Reputation: 2077
I have a few problems which may apply well to the Map-Reduce model. I'd like to experiment with implementing them, but at this stage I don't want to go to the trouble of installing a heavyweight system like Hadoop or Disco.
Is there a lightweight Python framework for map-reduce which uses the regular filesystem for input, temporary files, and output?
Upvotes: 11
Views: 16779
Reputation: 355
MockMR - https://github.com/sjtrny/mockmr
It's meant for educational use. Does not currently operate in parallel but accepts standard Python objects as IO.
Upvotes: 1
Reputation: 277
So this was asked ages ago, but I worked on a full implementation of mapreduce over the weekend: remap.
https://github.com/gtoonstra/remap
Pretty easy to install with minimal dependencies, if all goes well you should be able to run a test run in 5 minutes.

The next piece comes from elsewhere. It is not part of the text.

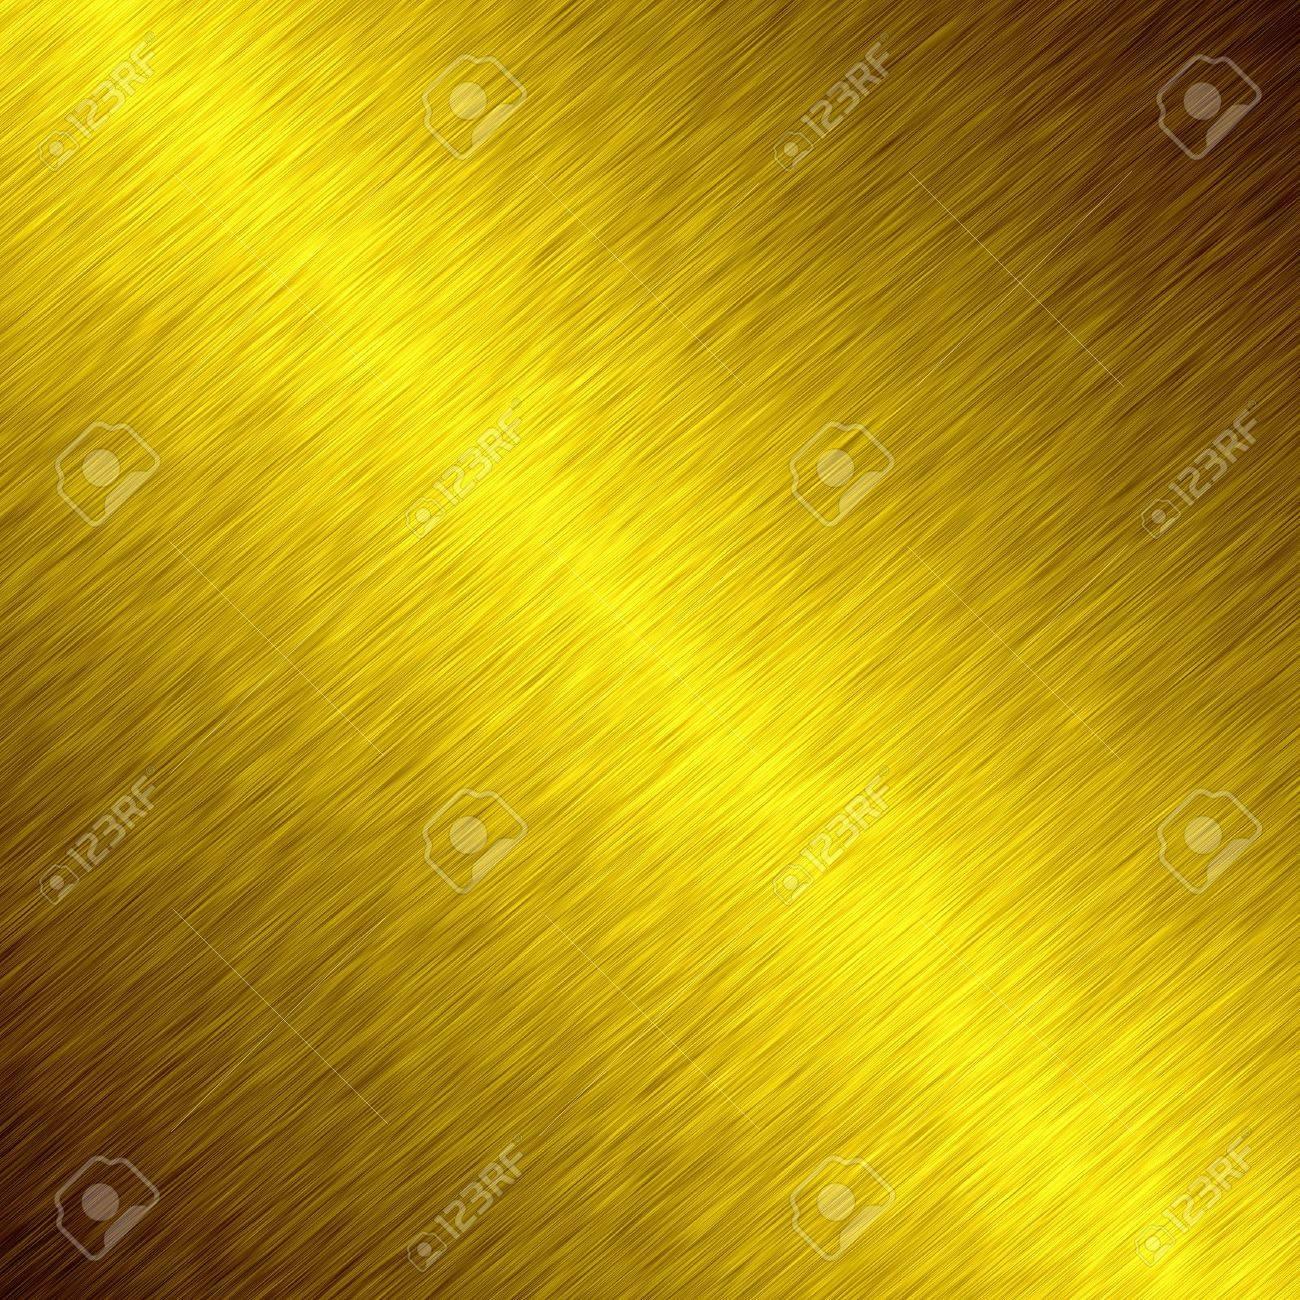 gold metal Stock Photo - 12043421

The entire processing pipeline works, but submitting and monitoring jobs is still being worked on.
Upvotes: 0
Reputation: 8014
Check out Apache Spark. It is written in Java but it has also a Python API. You can try it locally on your machine and then, when you need it, you can easily distribute your computation over a cluster.
Upvotes: 1
Reputation: 31
http://jsmapreduce.com/ -- in-browser mapreduce; in Python or Javascript; nothing to install
Upvotes: 3
Reputation: 533
http://pythonhosted.org/mrjob/ is great to quickly get started on your local machine, basically all you need is a simple:
pip install mrjob
Upvotes: 6
Reputation: 150
A Coursera course dedicated to big data suggests using these lightweight python Map-Reduce frameworks:
To get you started very quickly, try this example:
https://github.com/michaelfairley/mincemeatpy/zipball/v0.1.2
(hint: for [server address] in this example use localhost)
Upvotes: 11